(DATA BELOW begins)

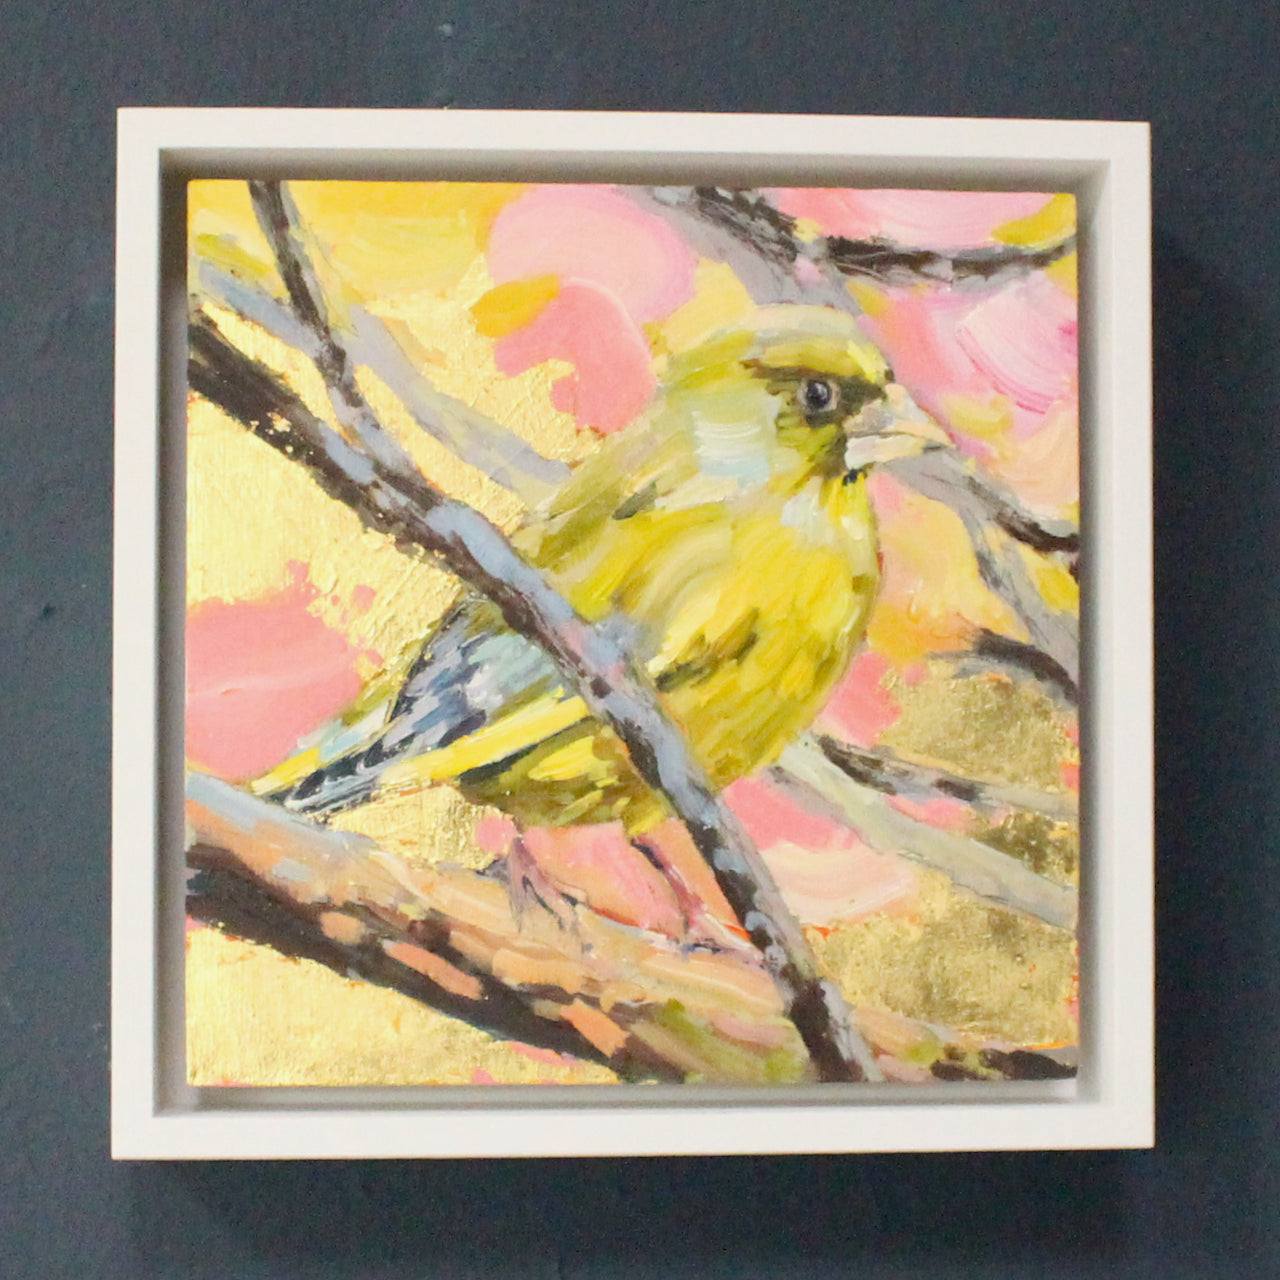 Jill Hudson painting of a greenfinch on a branch with a pink, yellow and gold background
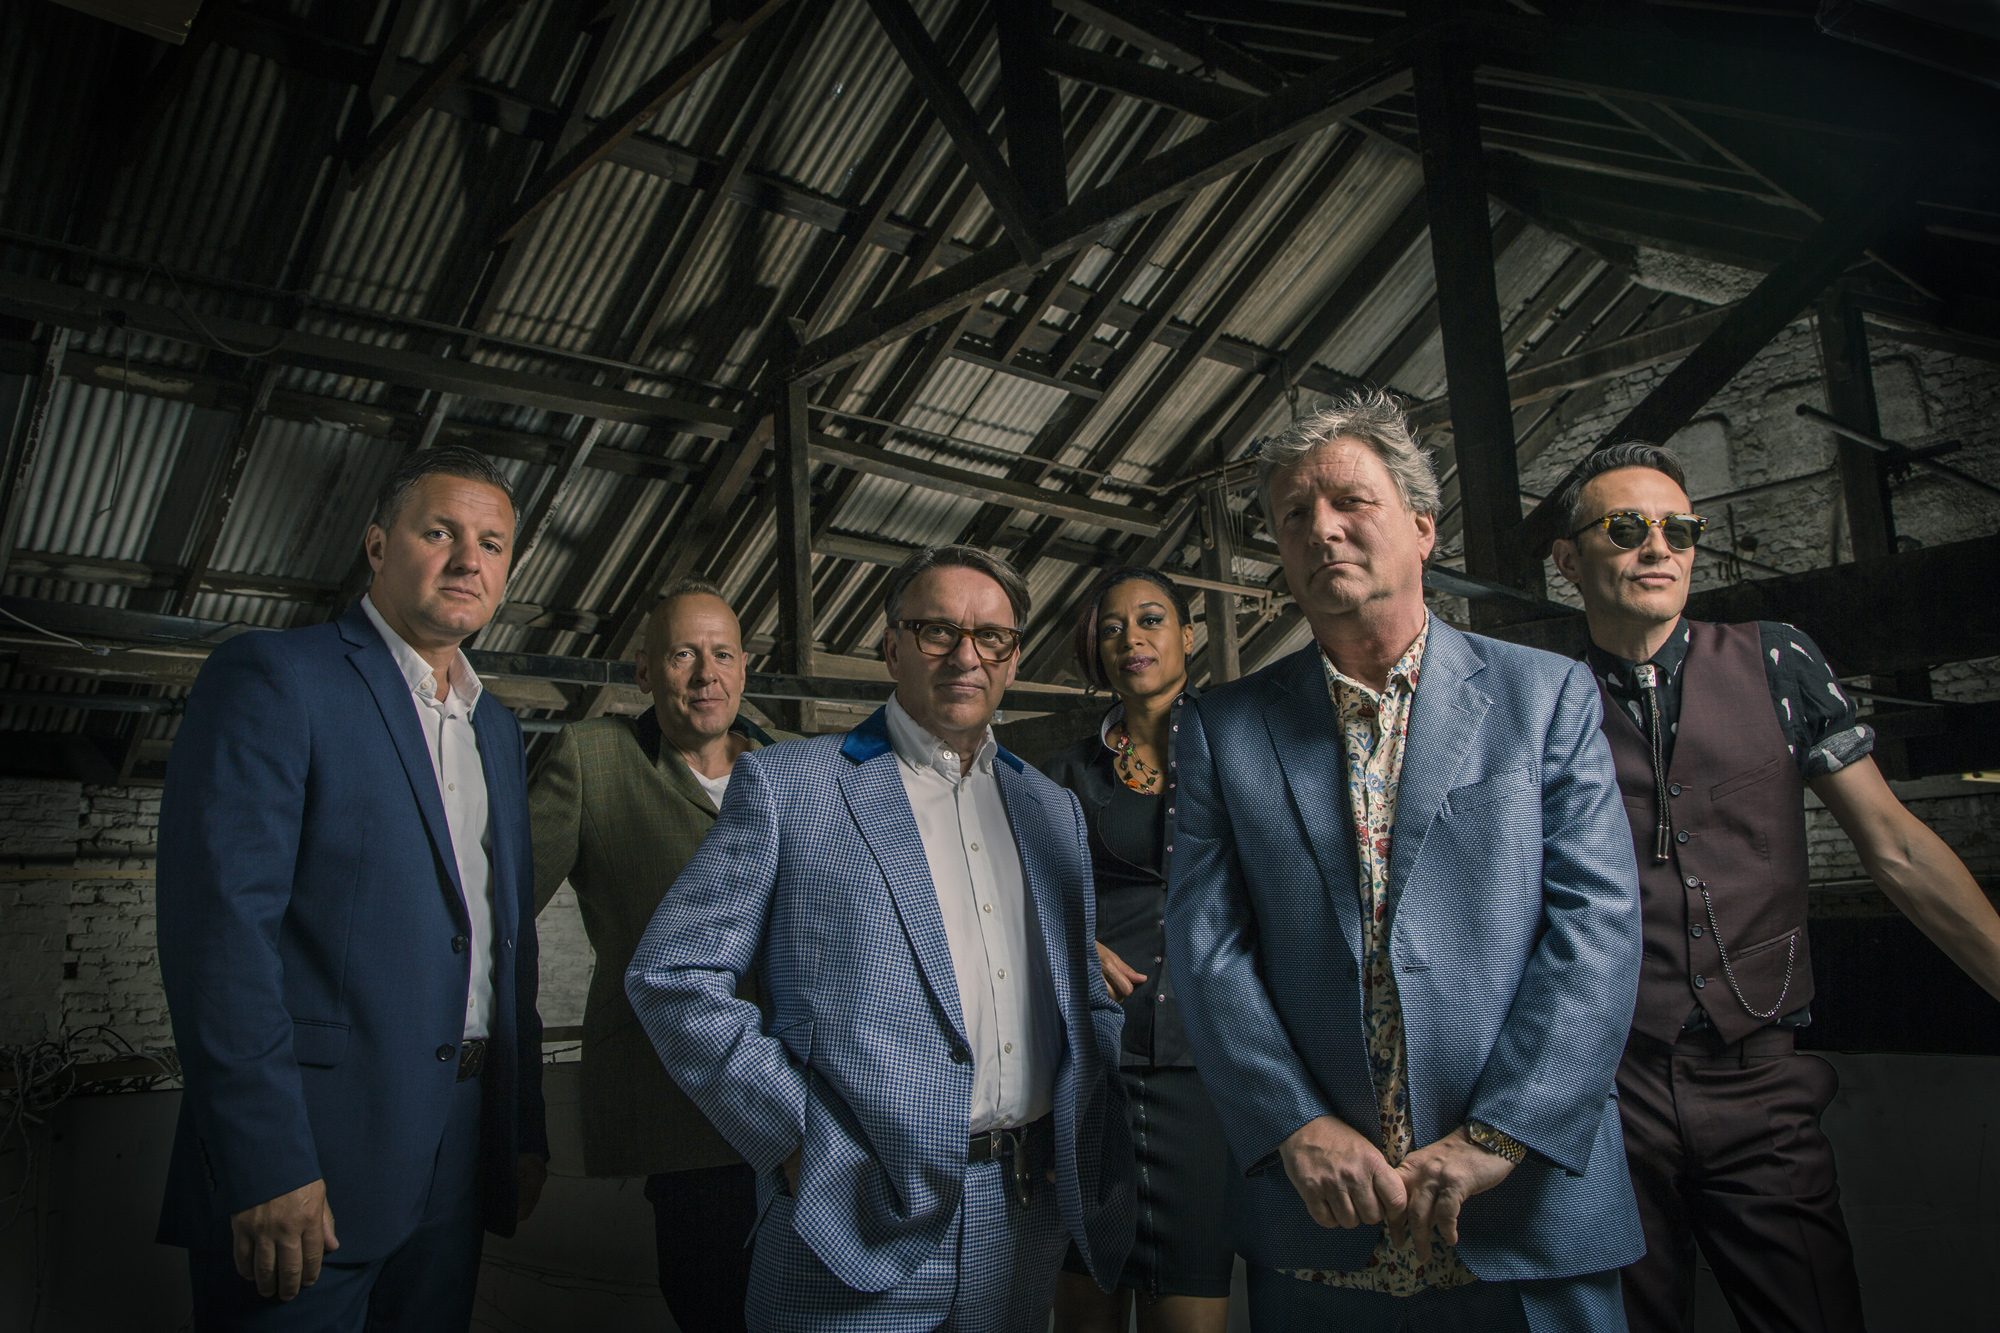 British new wave band Squeeze plays with Marshall Crenshaw at Kirby
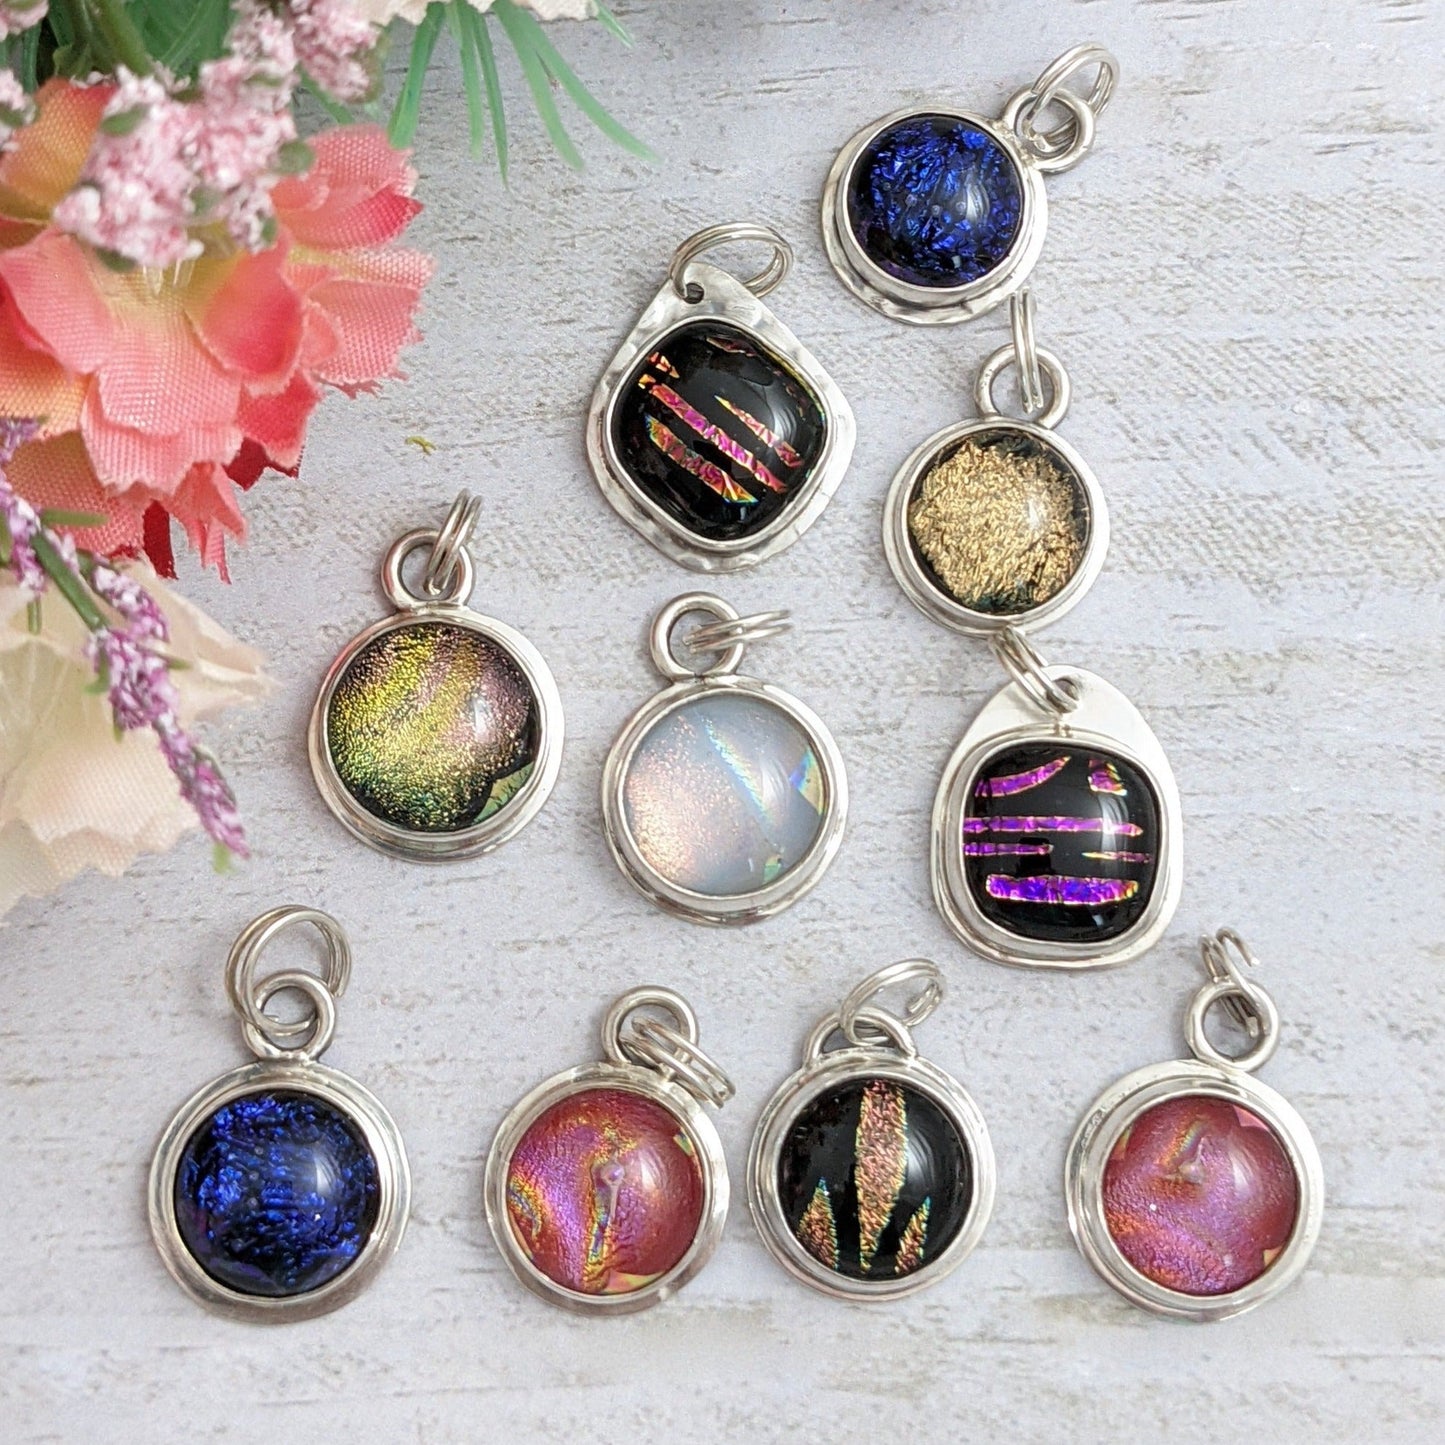 Jewelry charms. Dichroic glass round and square shapes in different colors set in  sterling silver with split rings added to hang from bracelet or necklace

(DATA BELOW ends)

Starting at the line that contains "British new wave", transcribe every line through the end of the listing exactly, including both end lines and excluding pictures.

 British new wave band Squeeze plays with Marshall Crenshaw at Kirby
 Jewelry charms. Dichroic glass round and square shapes in different colors set in  sterling silver with split rings added to hang from bracelet or necklace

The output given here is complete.